La haine est un business, et aussi un formidable ascenseur pour les politiciens professionnels pour accéder aux privilèges qu’ils convoitent. Ce business repose sur un postulat simple: « Tu n’es pas ce que tu devrais être ou là où tu devrais être parce qu’un autre s’est mis entre toi et ton destin. Il faut donc l’éliminer. » C’est ainsi que les entrepreneurs de la haine réussissent à embarquer les gens dans leur entreprise.
Alors toi qui me lis ce matin, et qui as déjà limé ta machette, prêt à en découdre, toi qui attends impatiemment le Jour J pour en finir avec ceux qui sont responsables de ta situation, et qui se trouvent tous être de l’autre ethnie, je vais te dire dès maintenant ce qui t’attend au pas de la porte:
Tu vas rencontrer de l’autre côté, d’autres jeunes, braves comme toi et encore plus vicieux, eux aussi nourris à la mamelle de la haine comme toi et ne reculant devant rien. Tu en tueras un grand nombre, mais tu perdras aussi un grand nombre de frères, de soeurs, de parents, d’amis, de connaissances, de relations… Ton avenir t’attendra sagement au coin d’une rue en terre, dans une tombe ou dans la brousse, quand tu tomberas dans une embuscade, ou, si tu es chanceux, dans un hôpital de fortune, où tu seras pris en charge par un médecin de la croix rouge. Tu auras le visage défiguré, les marques de la guerre bien visibles sur ton corps déchiqueté.
Tous les jours RFi se chargera de faire le décompte des morts, en attendant qu’il atteigne le seuil qui déclenchera l’indignation de la « communauté internationale ». Certaines mauvais langues disent qu’il commence à 3000 morts.
Un matin, du fond de ton lit d’infortune, tu l’entendras dans le journal officiel: Création de la commission de réconciliation. Et qui sera nommé à la tête de cette commission ? Le même type qui t’avait dit que c’est l’autre qui est responsable de ton malheur. Tu le verras, tout sourire, promettre au JT de 20h, oeuvrer pour la réconciliation et t’appeler à pardonner. La commission sera créée avec un budget de 25 milliards qu’ils vont se répartir entre eux au travers des arnaques appelées consultations. Tu seras là, au fond de ton lit de fortune, le regard noir, la jambe amputée, perdu dans tes pensées, avec une longue liste de comptes à regler. Mais là dehors la donne a changé. Tu ne peux plus massacrer impunément. Et même si tu le voulais encore, tu n’en as plus les moyens ni la force.
C’est là que tu te rappelleras que, comme par magie, aucun de ceux qui t’ont mené là où tu es n’as été tué, ni eux, ni leurs familles.
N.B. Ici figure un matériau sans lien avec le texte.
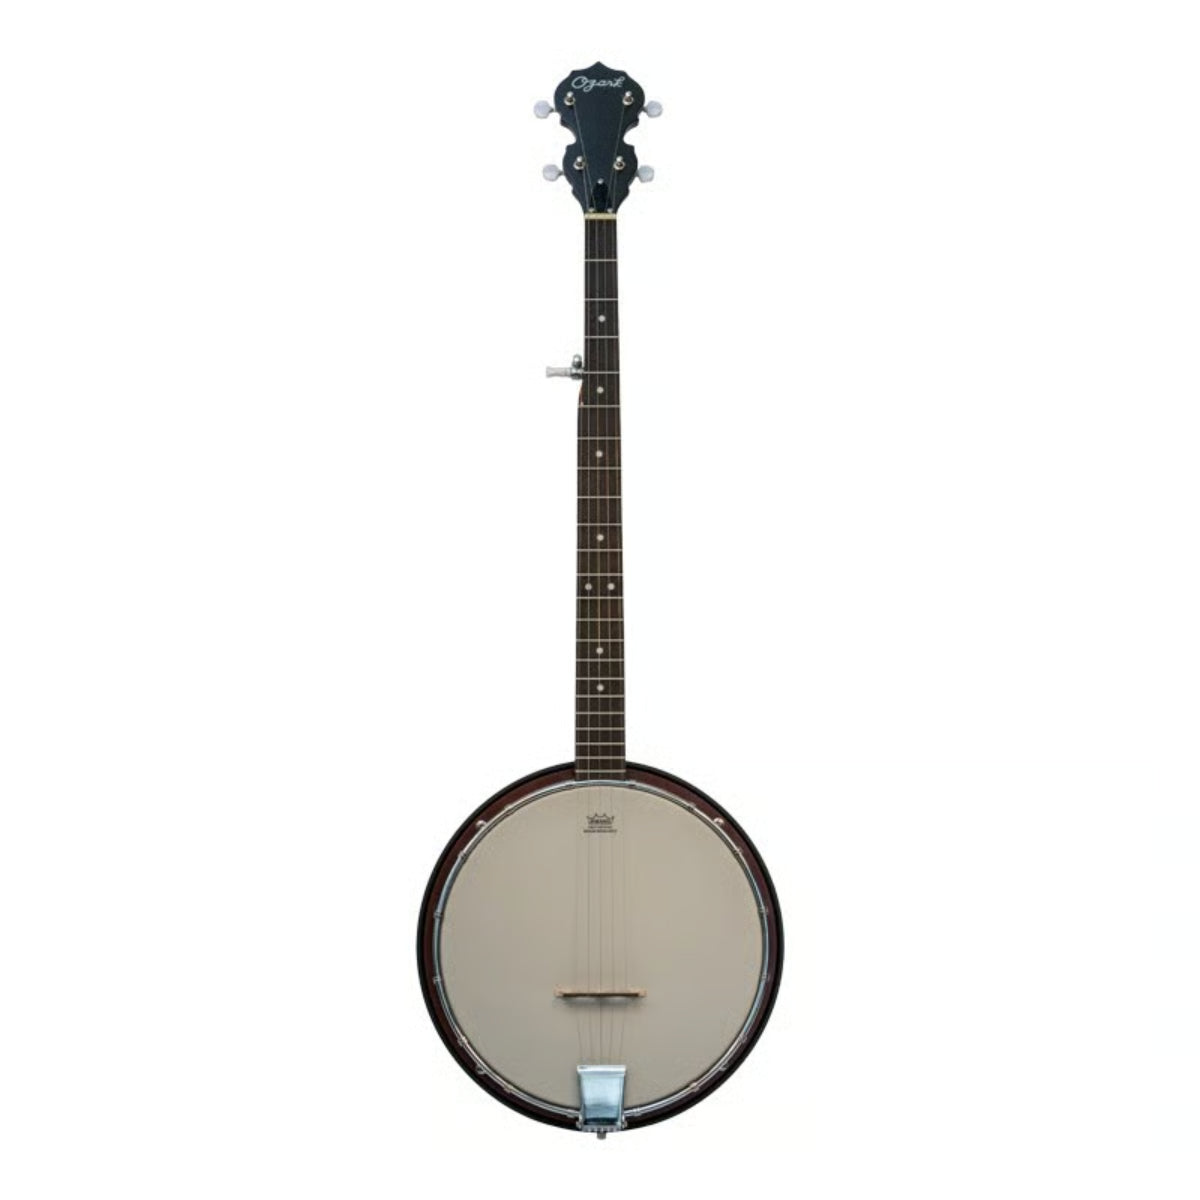 5 String banjo

Peut-être bien que, pour te galvaniser, ils ont dû sacrifier un arrière petit fils du cousin de la tante de la soeur de la grand-mère du président de la République…
Mon frère, sache que dans ce business, tu ne seras qu’un pion. Demande aux dioula et bété de côté d’ivoire, aux Hutu et Tutsi de chez moi qui sont obligés aujourd’hui de se tolérer, de vivre ensemble par les mêmes qui leur avaient dit que ce n’était plus possible. Pense à ces gens qui sont obligés de vivre aujourd’hui avec les séquelles d’une guerre qui n’aurait jamais dû vivre, et qui sont obligés de garder leur frustration en sourdine, la rancoeur plein le coeur, et l’avenir en pointillés…
C’est ça que tu veux pour toi et ton pays ? C’est ce genre d’avenir que tu veux pour toi et tes enfants ?
Sache donc que dans une guerre civile, il n’y a que des perdants. Et que, quelle que soit la force de ton clan, à la fin, on vous imposera la #réconciliation.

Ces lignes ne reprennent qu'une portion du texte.